A novel approach to efficient data extraction from documents using Azure AI Document Intelligence and Azure OpenAI

This approach is achieved in the following way:

A customer uploads their files to analyze for data extraction. This could be of any supported file type, including PDF, image, or Word document.
The application makes a request to the Azure AI Document Intelligence’s analyze API using the pre-built layout model with the output content format flag set to Markdown. The document data is provided in the request either as a base64 source or a URI.
- If you are processing many, large documents, it is recommended to use a URI to reduce the memory utilization which will prevent unexpected behavior in your application. You can achieve this approach by uploading your documents to an Azure Blob Storage container and providing a SAS URI to the document.
With the Markdown result as context, prompt the Azure OpenAI completions API with specific instruction to extract the structured data you require in a JSON format. With a now structured data response, you can store this data however you require for the needs of your application.

For a full code sample demonstrating this capability, check out theusing Azure AI Document Intelligence and Azure OpenAI GPT-3.5 Turbo to extract structured data from documentssample on GitHub.
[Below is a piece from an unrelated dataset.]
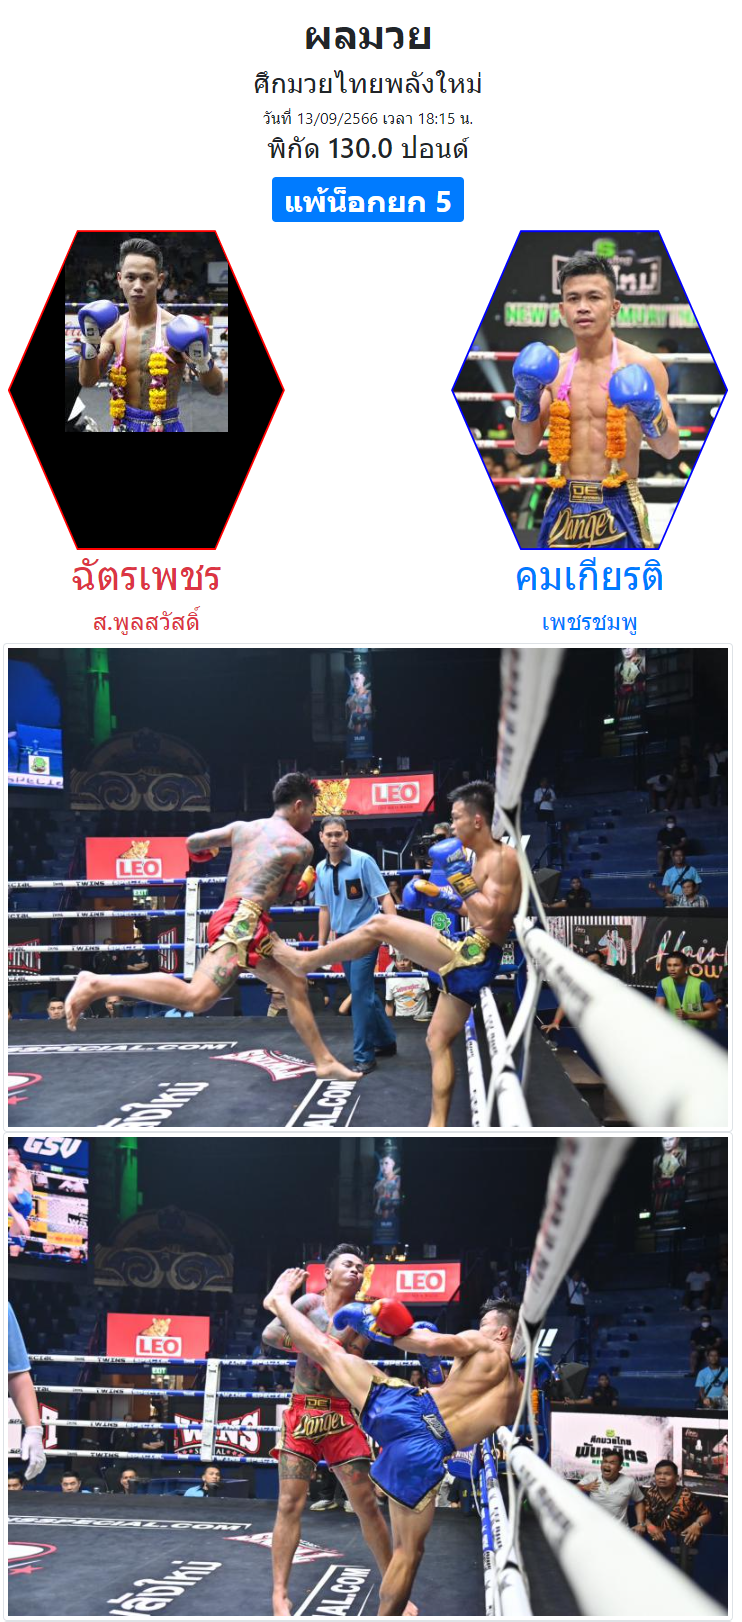 ผลมวย-คู่เอกศึกมวยไทยพลังใหม่-ช่วงที่-1-ฉัตรเพชร-ส.พูลสวัสดิ์-vs-คมเกียรติ-เพชรชมพู-01
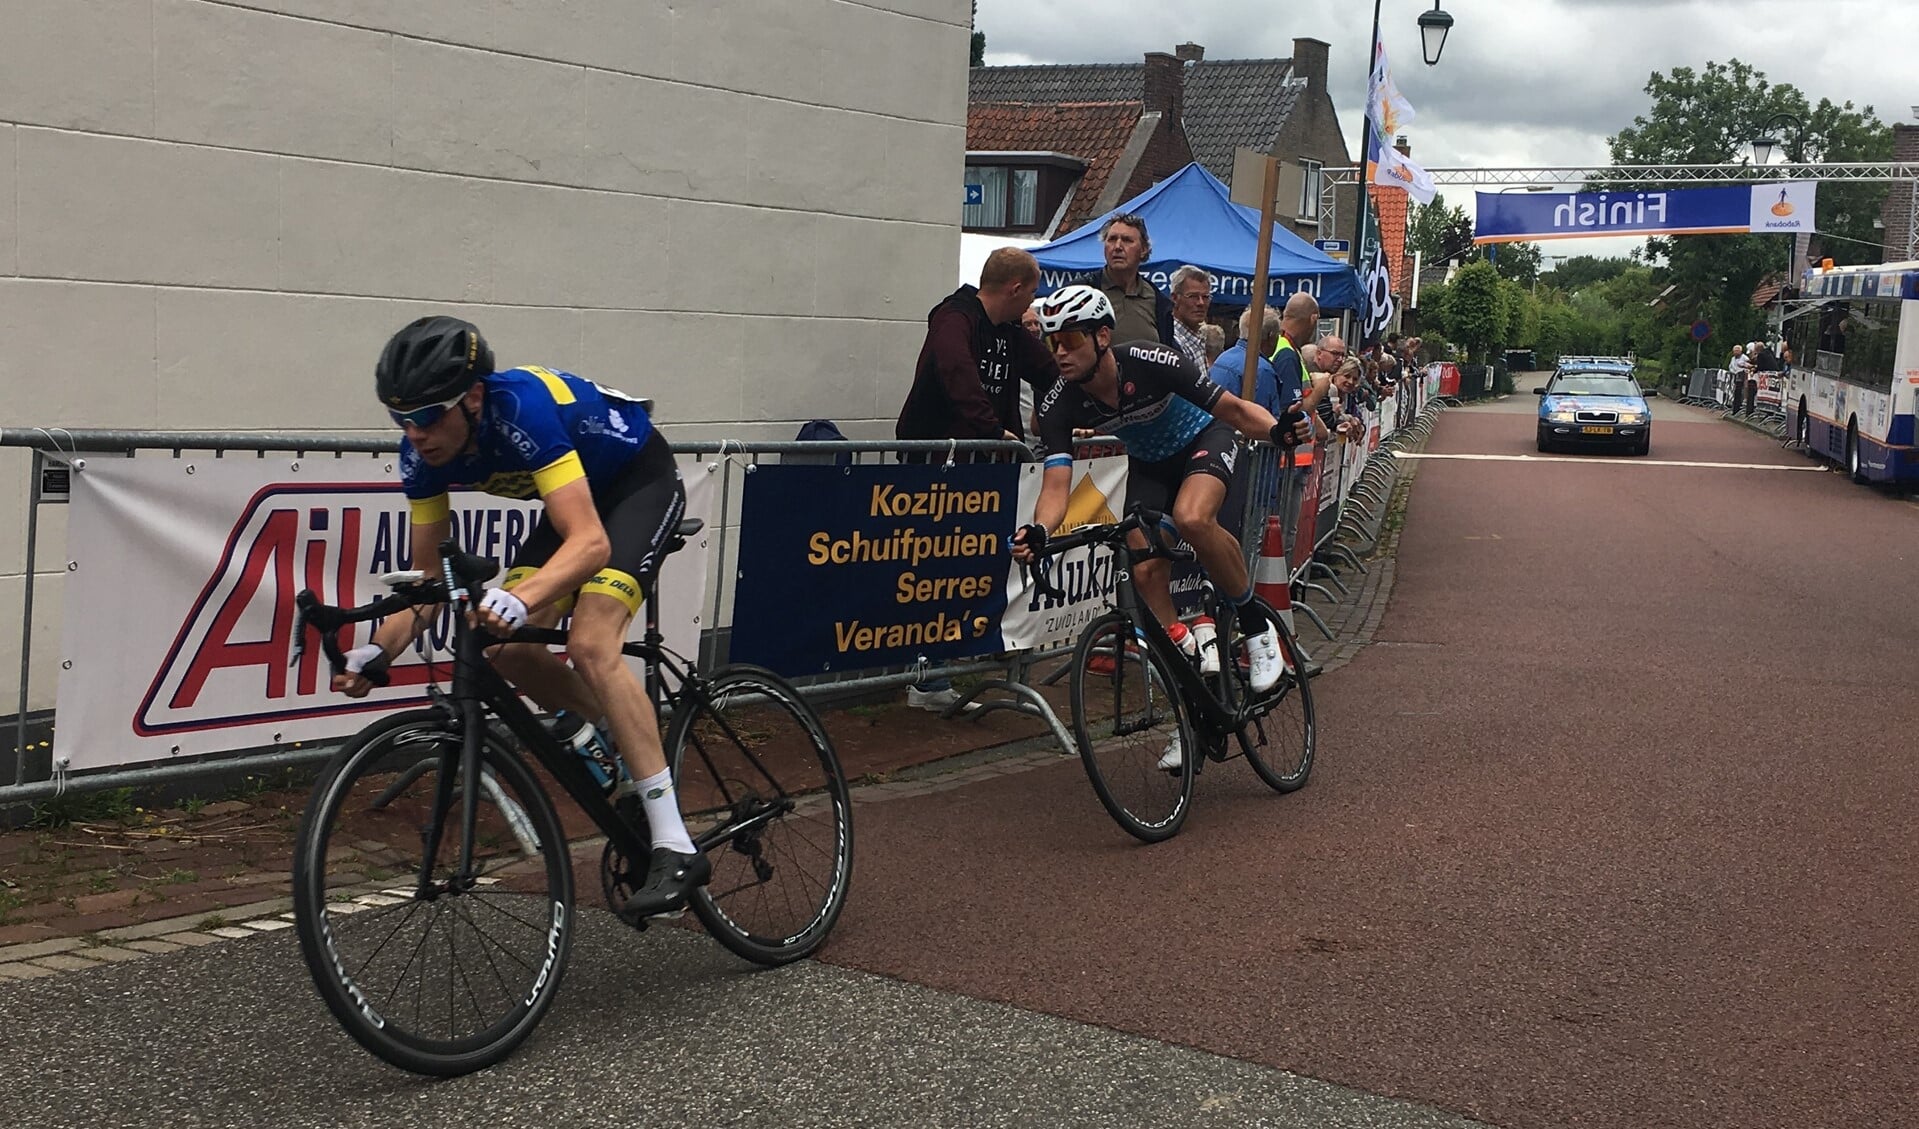 Evenals in de Ronde van Abbenbroek hadden Marco Geleijnse en Nils Wolffenbuttel elkaar in Zuidland snel gevonden voor de achtervolging.

Along with the code, this sample includes the necessary infrastructure-as-code Bicep templates to deploy the Azure resources for testing.

Conclusion

Adopting Azure AI Document Intelligence and Azure OpenAI to extract structured data from documents simplifies the challenges of document processing today. This well-rounded solution offers significant benefits over alternatives, removing the requirement to train custom models and improving overall accuracy of data extraction in most use cases.

Consider the following recommendations to maximize the benefits of this approach:

Experiment with prompting for data extraction. The provided code sample provides a well-rounded starting point for structure data extraction. Consider experimenting with the prompt and JSON schemas to incorporate domain specific language to capture the nuances in your documents to improve accuracy further.
Optimize the document processing workflow. As you scale out this approach to production, consider the host resource requirements for your application to process a large quantity of documents. Optimize this approach by maximizing CPU and memory usage by offloading the loading of documents to Azure AI Document Intelligence using URIs.

By adopting this approach, solution providers can streamline their document processing workflows, enhancing productivity for themselves and their customers.